Supplementary Material for: Using Both Cases and Controls for Testing Hardy-Weinberg Proportions in a Genetic Association Study
datasetposted on 05.03.2010 by Wang J., Shete S.
Datasets usually provide raw data for analysis. This raw data often comes in spreadsheet form, but can be any collection of data, on which analysis can be performed.
Objectives: Assessment of the Hardy-Weinberg proportion (HWP) in controls has been widely used as a quality control measure in case-control association studies. However, when the disease being studied is common, controls might not represent the general population, which could result in inaccurate HWP test results. Such results could lead investigators to discard important single-nucleotide polymorphisms (SNPs) that could potentially be causal. In this paper, we showed the inappropriateness of the HWP test in controls and proposed a mixture HWP (mHWP) exact test using a mixture sample that mimics the general population. Methods: The mHWP exact test estimates HWP in a mixture sample that is a combination of both cases and controls proportional to the prevalence of disease. We implemented a re-sampling procedure to construct mixture samples and then obtained the empirical p value of HWP in the general population.
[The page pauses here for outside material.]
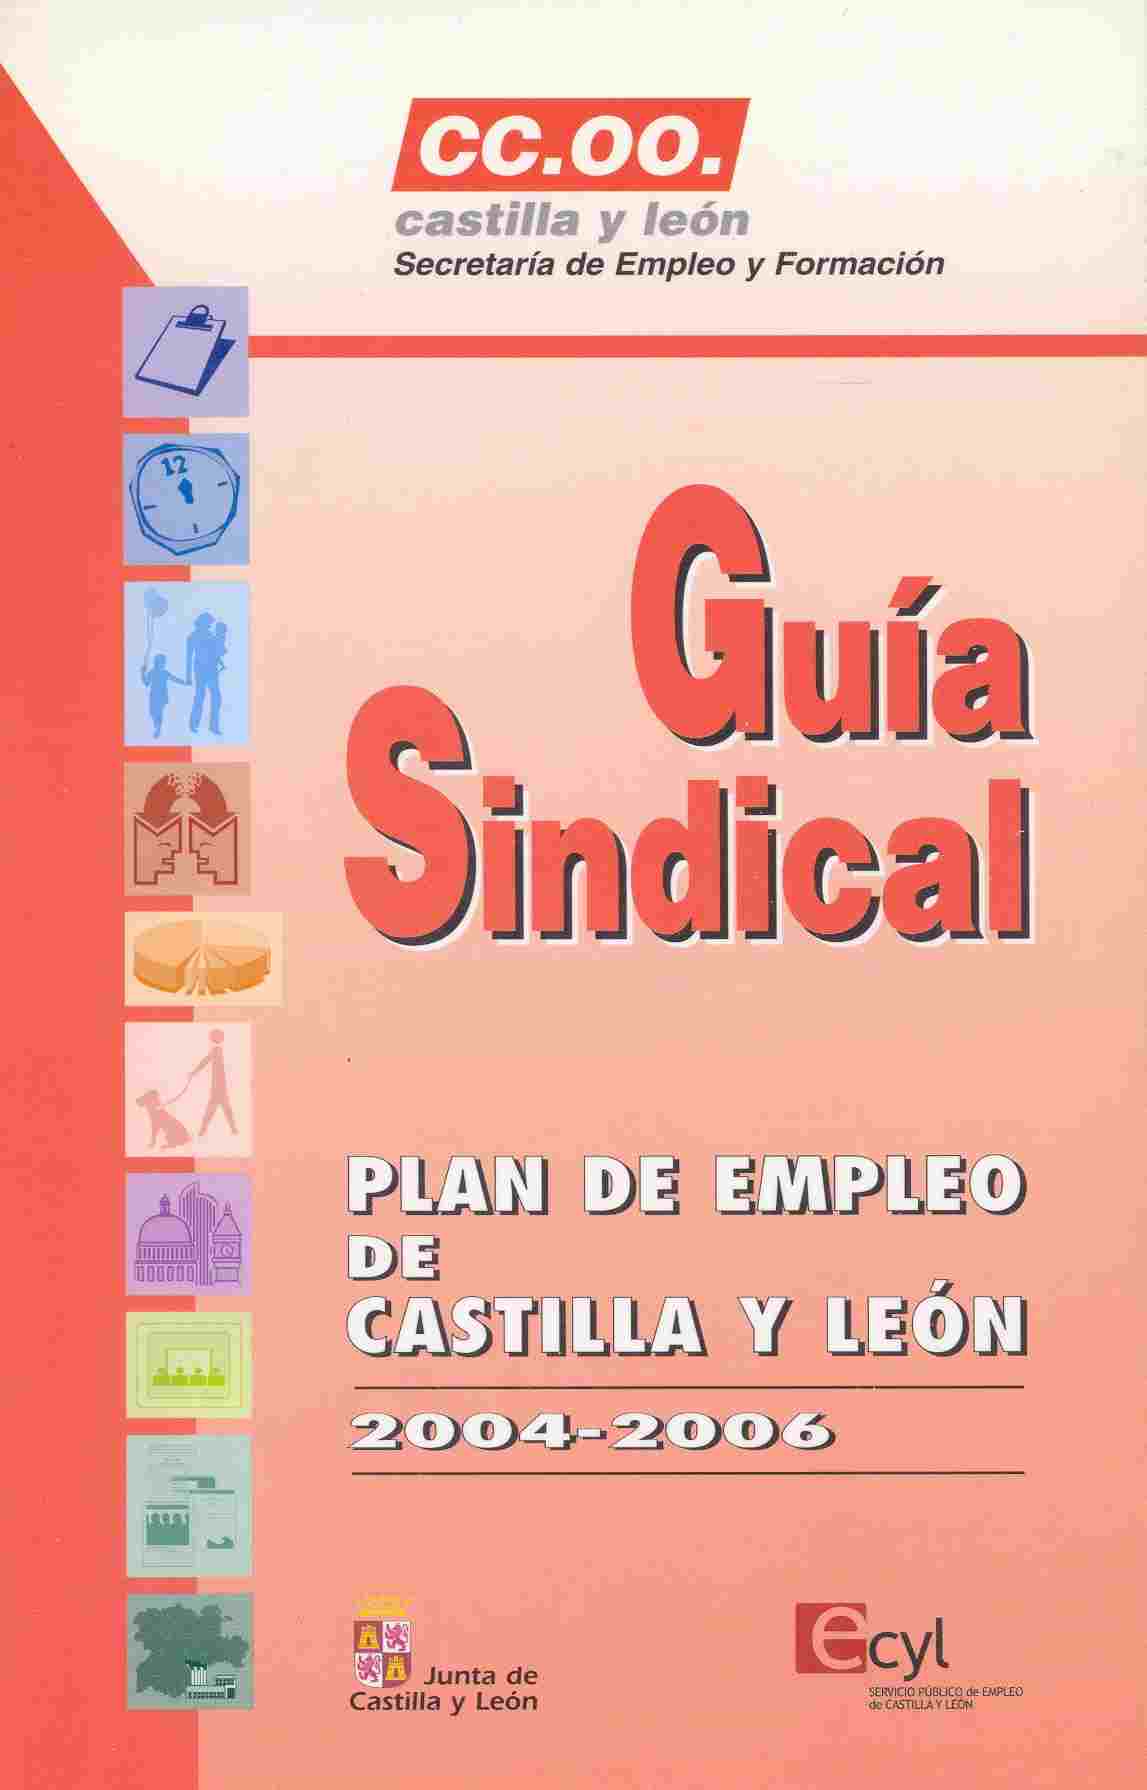 El día 13 de febrero de 2004 se firmó el acuerdo sobre el III Plan de empleo de Castilla y León para el período 2004-2006. Como ya sabeís de años anteriores éste contiene un buen número de programas d

Simulation studies were performed to investigate the performance of the proposed mHWP exact test. The method was also applied to a genetic association study of obesity. Results: The results showed that the mHWP exact test is more likely than either the traditional HWP method in controls or the likelihood-based approach to keep causal SNPs for further analysis when the disease is more common. Conclusion: The mHWP exact test using a mixture sample is a better HWP test for case-control genetic association studies than the traditional HWP in controls or the likelihood-based approach, and it will improve our ability to keep causal SNPs in the case-control genetic association studies.